In a relationship characterized by mutuality, all entities are interdependent, all participate in the relationship, and all benefit in a commensurate manner (Still & Good, 1992). The differentials in power between the engaged scholar-researcher and the community partner affect the level of mutuality and reciprocity in the processes, purpose, and outcome of the collaboration (Stanton, 2007). However, a theoretical conception of power can enable partners to recognize sources of power differentials as elements that can enhance or undermine reciprocity. In practice, this could mean that individuals are able to recognize how contextual aspects of their organization influence and inform the partnership. For example, members of the professoriate are typically organized by academic disciplines and drawn to have a cosmopolitan perspective (Rhoades, 2009). Thus, the framework of the university might not be conducive to maintaining the types of partnerships that community partners’ desire. Understanding the basis for why community and universities have different orientations can help identify the origins of differentials in power.
Timing and the Academic Calendar
Cathy was confronted with a second challenge once she navigated the differentials in power tied to maneuvering through the university structure. Professor Robert, the faculty member she eventually partnered with, would not be able to start the project until the spring semester, at that point six months away. In our hypothetical example, Cathy and the community wanted to start the engagement project immediately. However, Professor Robert could not accommodate this desire because his time was limited by work requirements for the academic semester. This is a case of differences in need challenging the effectiveness of a partnership in a context of power.
Differing time orientations often create tensions and lead to unstable partnerships. Community members may perceive a need to address their issues quickly, although doing so would necessitate taking action based on limited information. In contrast, academic norms and standards encourage faculty members to develop carefully designed courses and research projects. Such norms make higher education institutions significantly less dynamic than some community organizations. However, the need to follow carefully designed curricula and apply academic rigor in executing research moves institutions of higher education toward having longer timelines preceding a project. The time frame of semesters or quarters also places unavoidable time limitations on collaborations that involve students, such as service-learning projects. Timing can be thought of as creating a difference in need at the institution-to-institution level that cannot be solved through individual power negotiations. Moreover, the nature of the issue being addressed in the hypothetical example, Poliz City’s economic recovery, is likewise a structural and institutionalized issue not amenable to immediate resolution, regardless of how urgent it seems to community members.
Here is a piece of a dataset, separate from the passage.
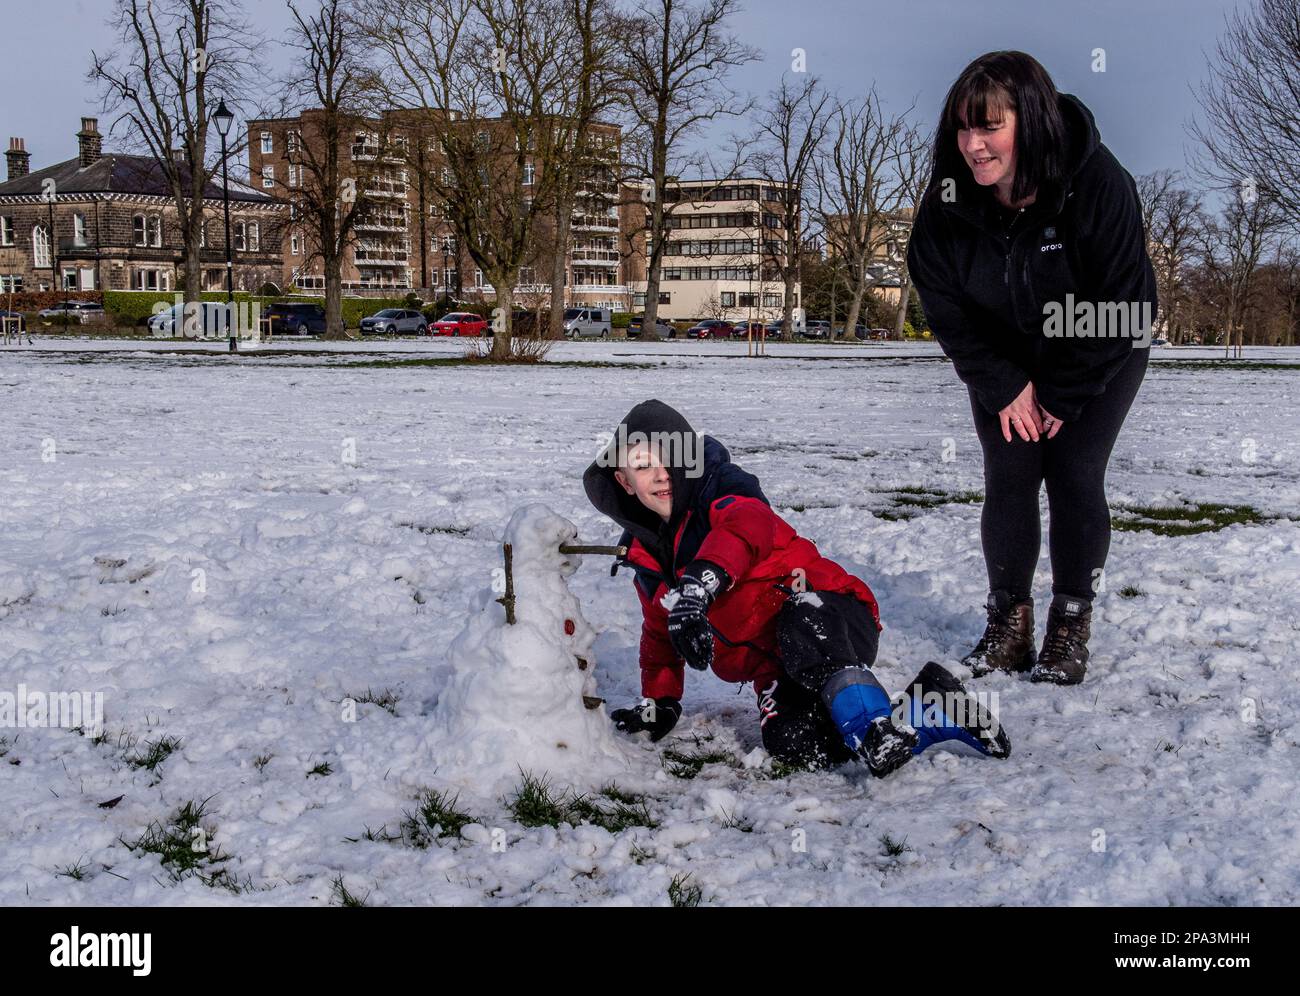 Harrogate, UK. 11th Mar, 2023. As the sun was shining and the snow started to melt, Archie Flintoft, who is 7, was making the most of it with mum Vicky, dad Dean and dog Amber, having missed out on the heavier snow yesterday as he was in hospital having his 97th blood transfusion. Archie suffers from Diamond Blackfan Anemia and needs a transfusion every 3 weeks. Picture Credit: ernesto rogata/Alamy Live News Stock Photo

Even when the intentions of both parties are genuinely committed to collaboration (Stanton, 2007), the university’s schedule and timing often constrain community actions. By necessity, universities operate on prescribed schedules and academic calendars. Partnerships can extend beyond the semester, but the end of each academic term represents an artificial stopping point that interrupts engagement projects. For the community, these interruptions, although brief, may be perceived as a threat to a partnership and remind partners of the differential in need. Higher education institutions commonly measure time in semesters or other academic periods, and community engagement projects are often made to fit within the academic calendar. For the community partner, however, the need to accommodate the university-based time frame can undermine the partnership. In the hypothetical example, negotiating the timeline of the partnership was a significant point of tension Cathy confronted.
Understanding the negotiation of knowledge from the community perspective requires an appreciation of the relationship between higher education and knowledge. Within the past 30 years, fundamental assumptions underlying the relationship between the economy, the state, and the university have changed. It was once accepted that the state and the capitalist economy were structured to allow for compromise between the social needs of citizens and the outcomes produced by the market. Guided by Keynesian economic policies, the “welfare state” mediated between principles of social well being and principles of the capitalist system. Within this framework, the knowledge created within the university was seen to promote a “public good” and was removed from private industry. Essentially, the Keynesian welfare state supported a “public or common good” that provided a baseline protection and social/political space that was free from the market rationality of the capitalist system (Harvey, 2005; Slaughter & Leslie, 1997).
However, at some point the guiding theoretical impetus that grounded the welfare state was undermined by an emergent acceptance and application of neoliberal economic and social policies. Privatization, deregulation, re-regulation, and a general deconstruction of the Keynesian welfare state became the model. “The financialization of everything,” according to David Harvey (2005), highlighted the emergence of neoliberalism as a hegemonic force that reshaped existing social, political, and economic institutions. This neoliberal movement also impacts a variety of elements of higher education.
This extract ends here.